Mango Pickles (Jeruk Mangga)

Whenever my family made a trip to Penang, it's not difficult to decide what souvenir to get for our  family & friends back home. Without fail, I would buy for them fruit pickles. In fact, a visit to Penang is not complete without a visit to the Chowrasta Market area where there are several fruit-pickle shops. The last time I was there, I noticed there were more shops selling them.

Although I'm quite certain that fruit pickles don't originate from Penang,  for some reasons, which I can only guess, Penang is always associated with fruit pickles or vise versa. One reason could be because they are cheaper compared to the ones sold in other states in Malaysia or even Singapore. Another reason could be because of the quality, which I learnt recently. Just a few days ago when I was at Pasar Larkin in JB, I saw a stall selling fruit pickles, among other things. The stallholder explained that fruit pickles from Penang, compared to the ones produced in other states or Indonesia, taste better because they  do not have the unpleasant aftertaste caused by the chemical used.

I'm not a big fan of fruit pickles, so I rarely buy them. I've also never thought of making them at home until I saw Roz made some last year. I made them soon after I saw her post but didn't manage to post it here. I made them again a few days ago. These pickles don't resemble the store-bought ones but they are definitely healthier!

Mango Pickles (Jeruk Mangga)
Recipe by Roz@HomeKreation

8 young mangoes
2-3 tbsp coarse salt
a pinch of lime paste*
water* (* mix)

Sugar syrup:
1½ cup sugar
2 cups water
Combine sugar & water in a pot & boil. Set aside to cool.  (You may add more sugar syrup if you like sweeter pickles.)

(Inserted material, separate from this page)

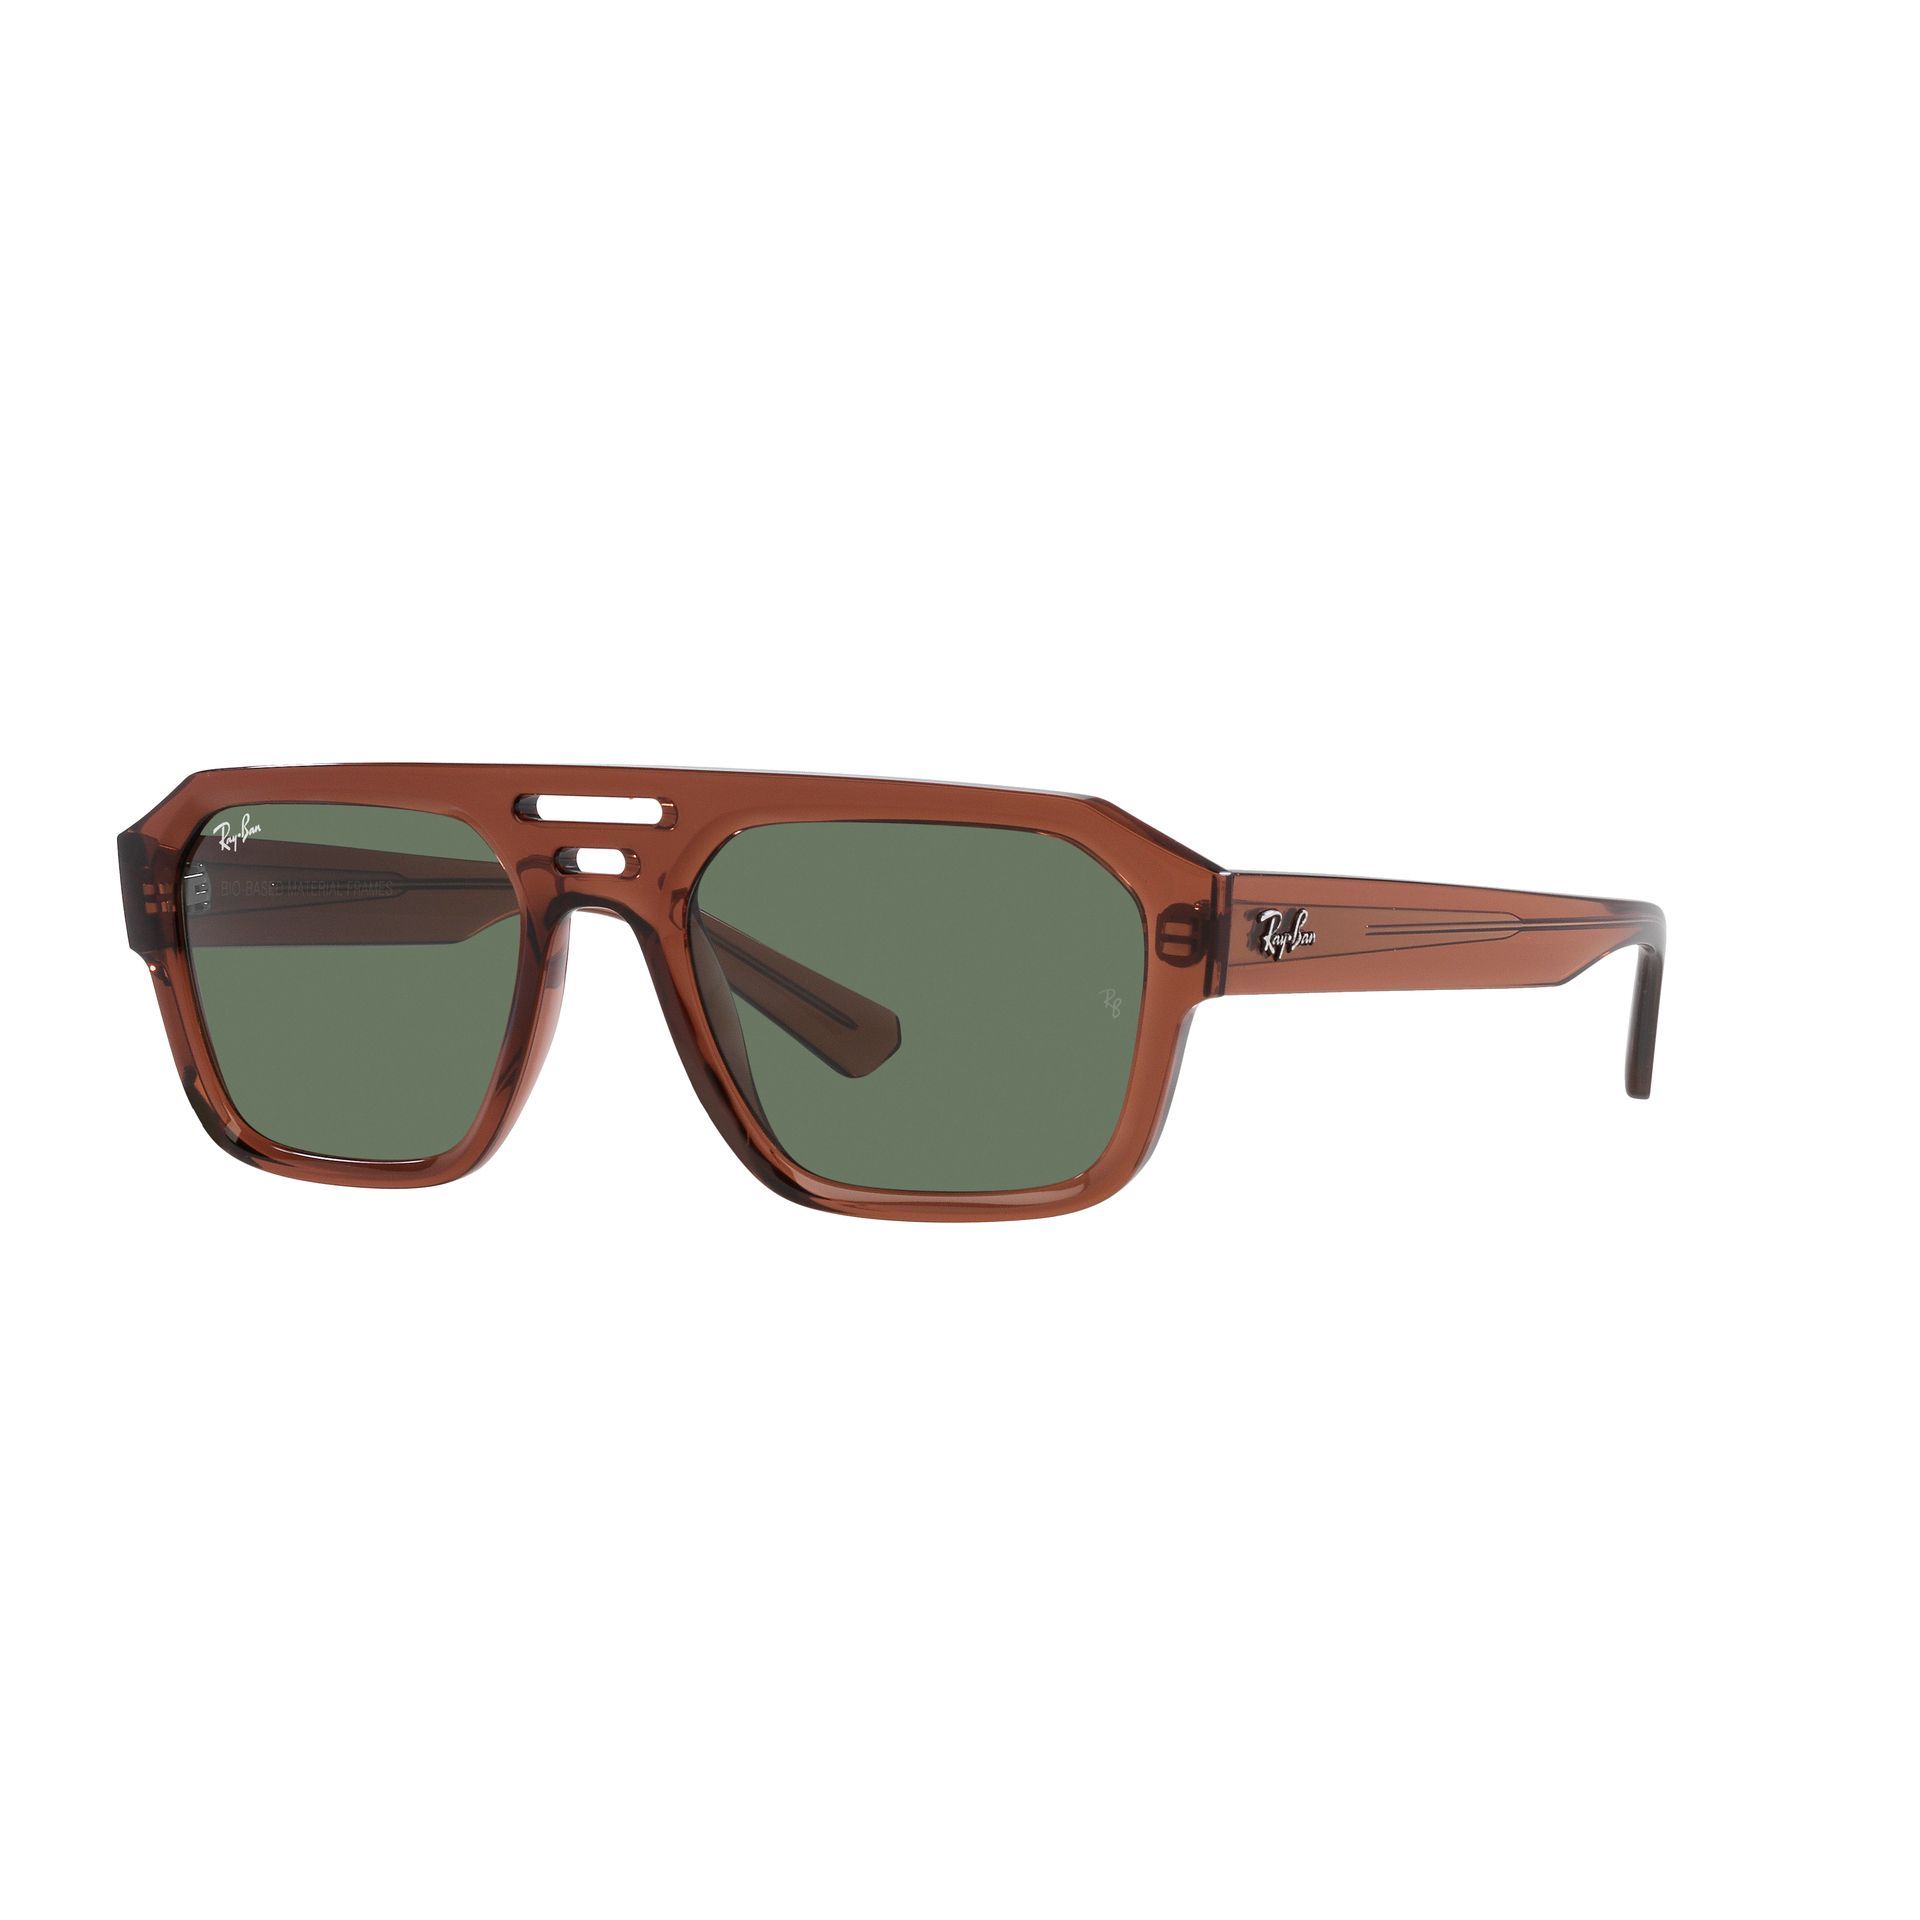 Corrigan Bio-based  Sunglasses RB4397 667882 - size 54

  1. Peel & slice mangoes lengthwise.
  2. Sprinkle salt on mango slices in a big bowl and mix well.
  3. Place it in a container. Fill with water* until fully covered.
  4. Leave for one or two days until the colour changes to slightly yellowish. Then discard water & rinse mango slices if too salty.
  5. Pour sugar syrup into the container of mango slices. 
  6. Store in fridge overnight to allow sugar to fully absorb into mango slices before serving.
Update: I observed that after a week, the water turned slightly murky & the pickles tasted much better. So do wait a few days before consuming them. I threw the water away once it turned murky & store the pickles in the container without the water.
I'm submitting this post to the Malaysian Food Fest, Penang Month hosted by Alan of Travellingfoodies.